The authors also made diabetic mice by injecting them with streptozotocin, which kills islet β cells, and then gave them the viral cocktail injection. It did not cure their diabetes, but it did give them significantly greater glucose tolerance, and they did measure increased blood insulin levels. One reason the treatment may not be as effective as it could be is that it simply converts random, scattered exocrine cells into single β cells that are not organized into the islets of the normal pancreas.

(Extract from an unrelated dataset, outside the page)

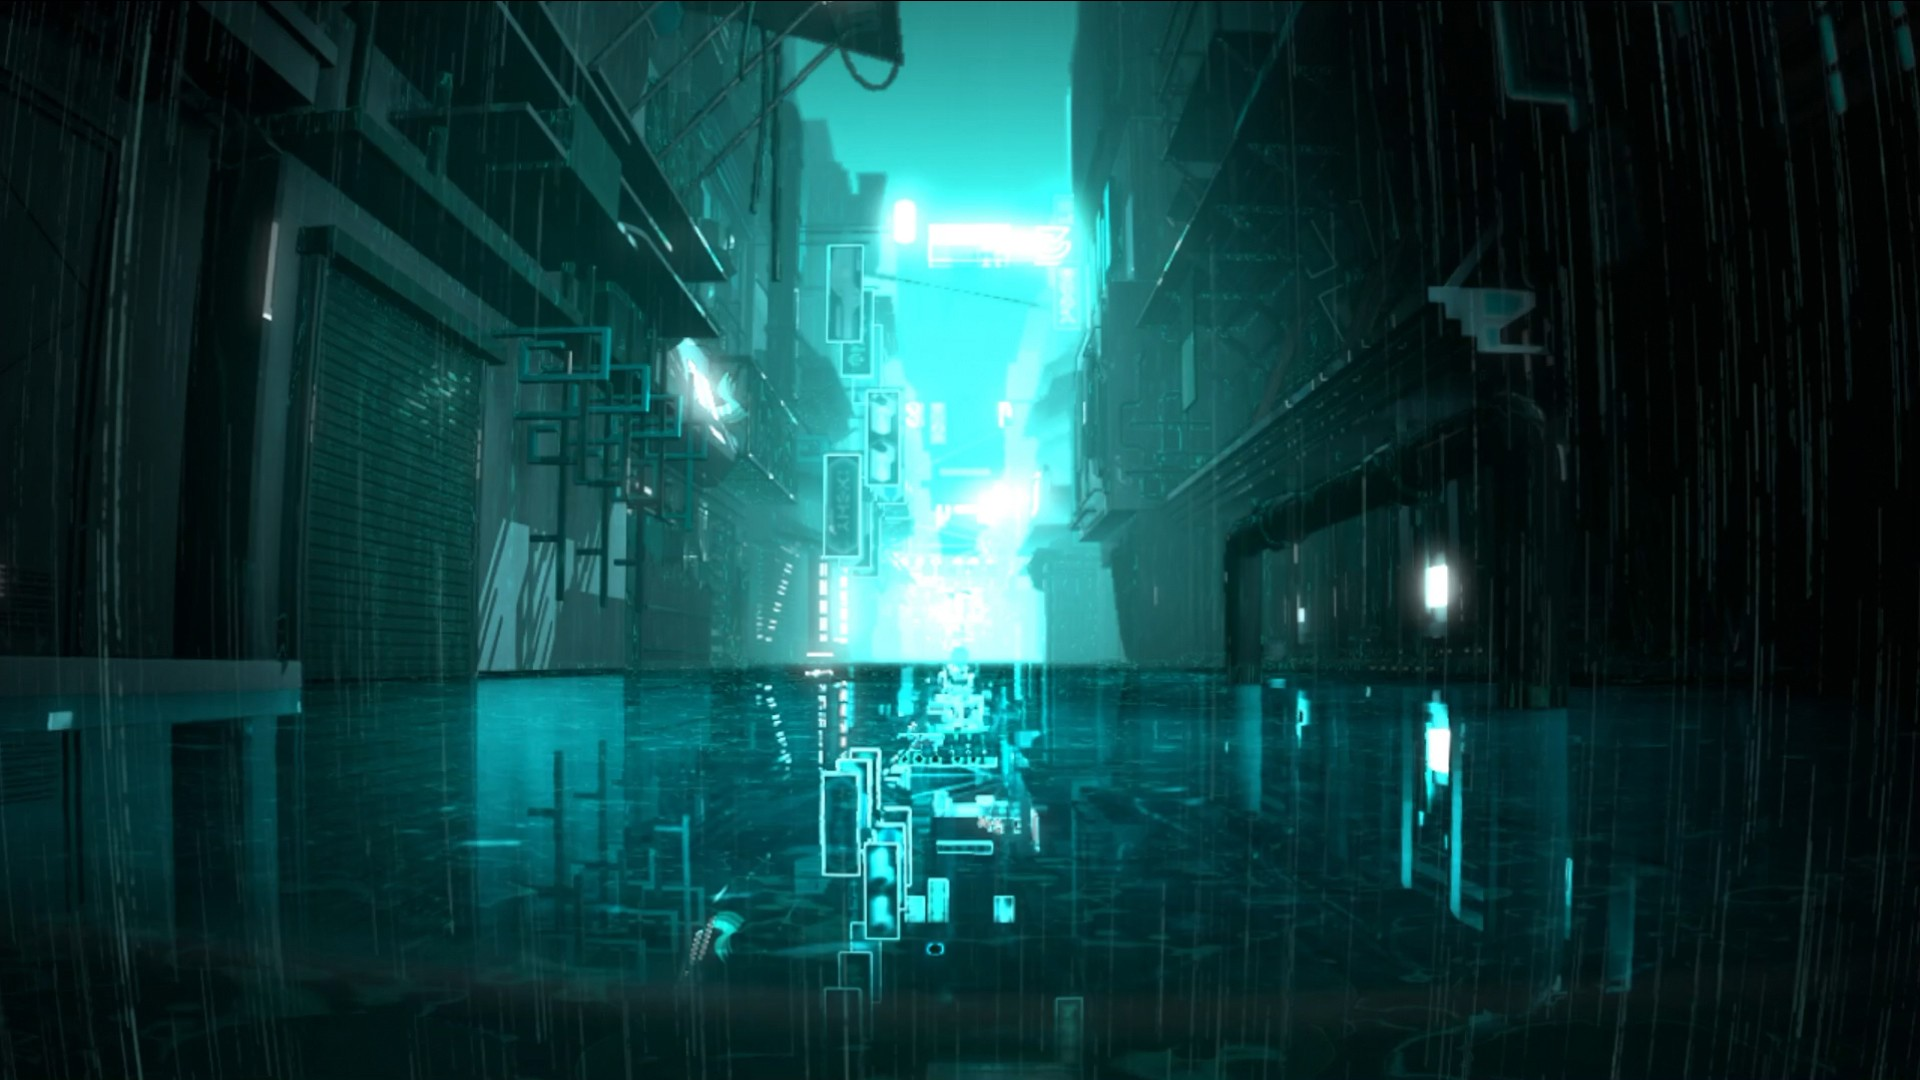 General 1920x1080 Tron movies cyan rain alleyway dark night wet street neon reflection

A lot of attention has been paid to embryonic stem cell and adult stem cell technologies, and those are both important and provide research and treatment opportunities that must not be neglected, but this is a third way: mastering the developmental control genes of the cell so that we can reprogram mature cells into any cell type we need. While injecting a person’s pancreas with a collection of viruses to rebuild missing cell types might be a little hazardous and crude, there may come a day when we can collect a few cells from an individual by a scraping or biopsy, grow them in a dish to get enough, tickle their transcription factors to cause them to differentiate into the cell, tissue, or organ type we want, and transplant the final, immunocompatible product right back into the patient.

This is the direction developmental medicine can take us — I hope you’re all ready to support it.

Zhou Q, Brown J, Kanarek A, Rajagopa J, Melton DA (2008) In vivo reprogramming of adult pancreatic exocrine cells to β-cells. Nature Aug 27. [Epub ahead of print].